God, I must be getting older,
A sickly pigeon on my shoulder
Weeps diuretics from one round eye.
God, I must be getting weaker,
The teeth in my head are getting softer,
The teeth in my head crumble to chalk.
I pull them out of my mouth,
And draw your picture on the sidewalk:
With a bigger dick than I remember,
With kinder eyes than I remember,
If history’s to be forgotten,
No point in sticking to the facts.
God, my nails are like quartz,
Gnawing deep into my weeping skin.
God, my thoughts are like black water,
Licking at a thinning dam.
In a billion years this gut and bones,
The fragile pelvis you briefly made your home,
Will be fuel in a lantern
Lighting the way of a stranger’s progress
On a black shore under rearranged stars,
And that is the only immortality you and I may have.

This one’s from a new play of mine.
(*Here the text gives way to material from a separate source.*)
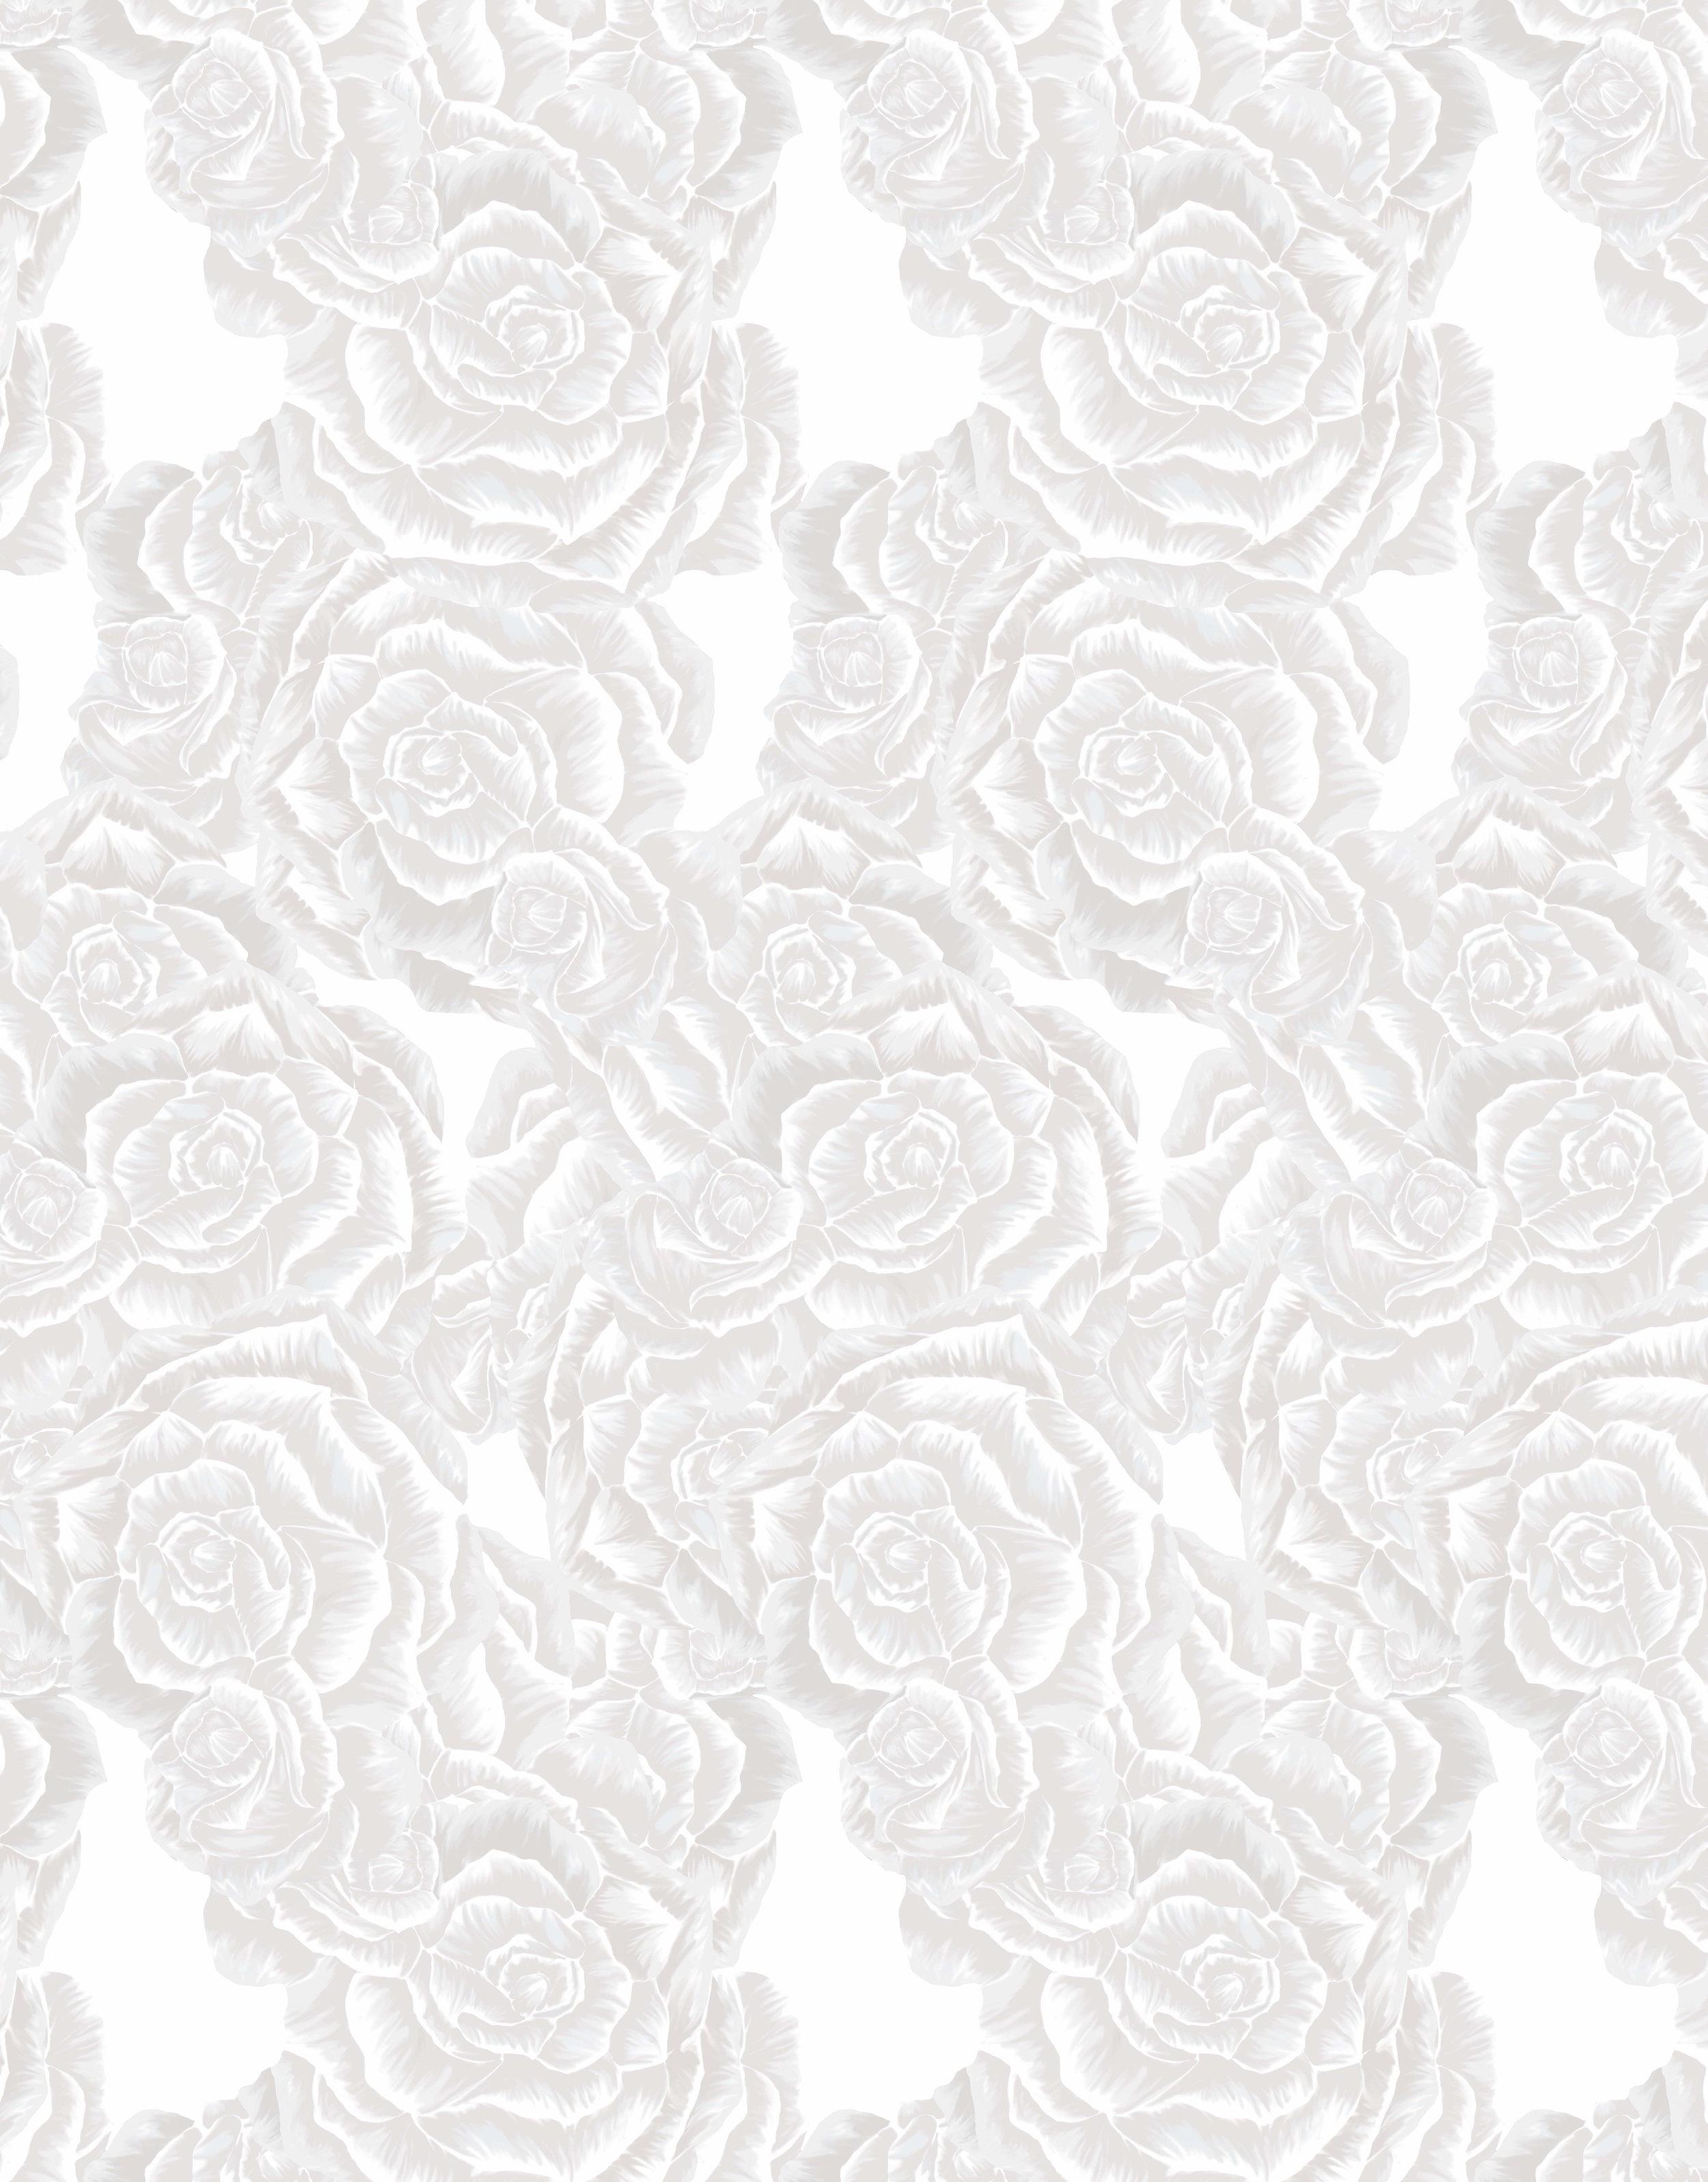 CandiceKayeDesign_it'sArose_White.jpg
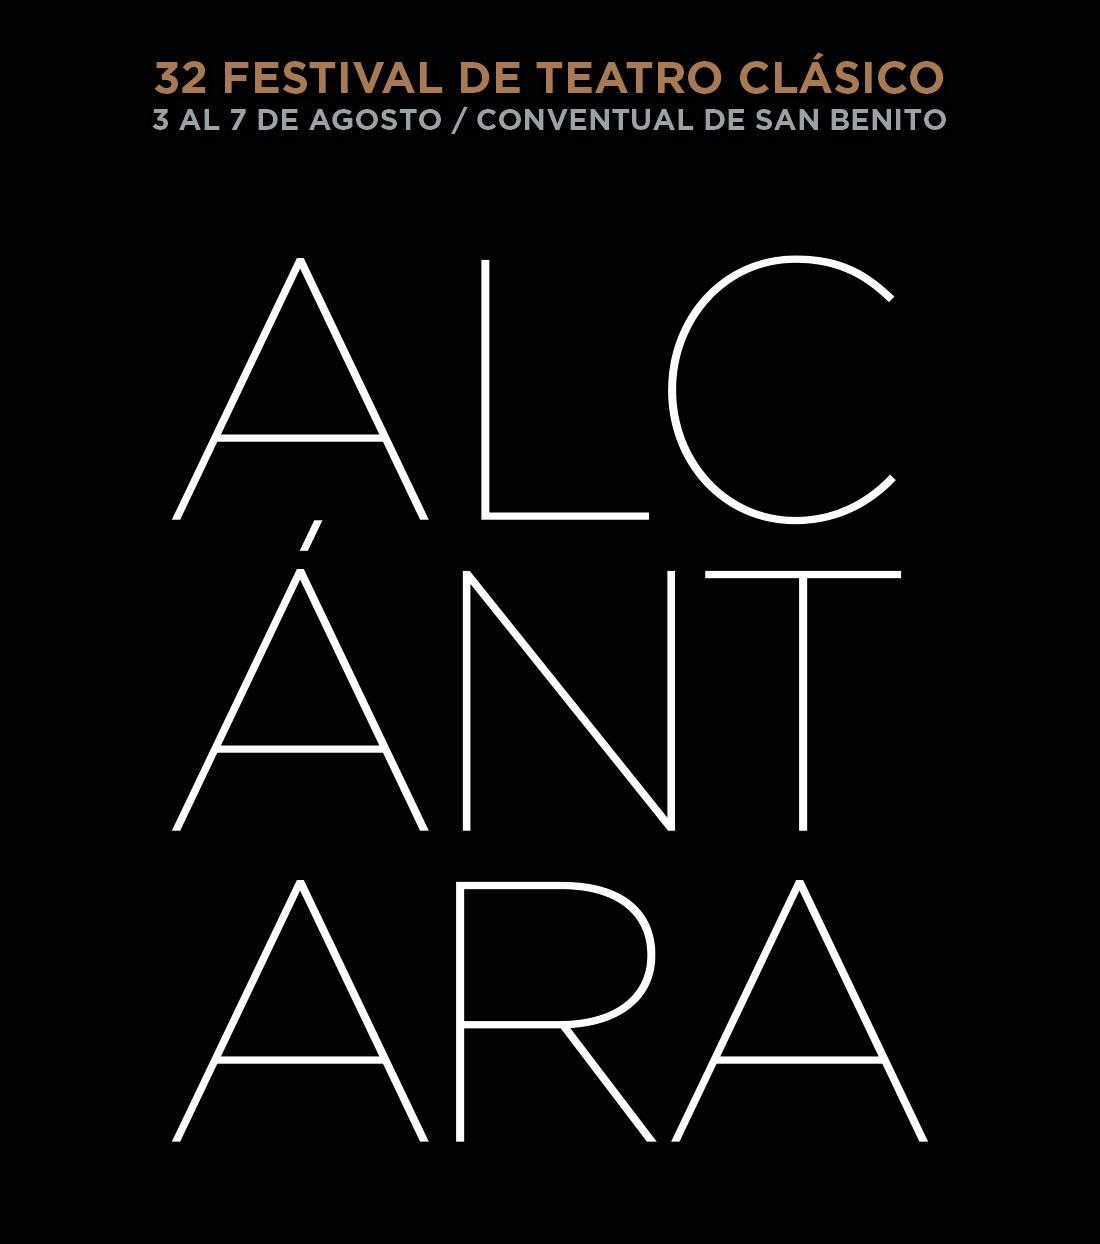 Festival de Teatro Clásico de Alcántara

Possibly the last play ever (but I always say that, don’t I? I am always having horrendous break-ups with the theater, only to come back again). A drunk mermaid stumbles out of the water and sings this on the beach of the Dnepr River in Ukraine. The play is set a few months before Euromaidan —> Yanukovych’s toppling —> Annexation of Crimea —-> Civil war in the East.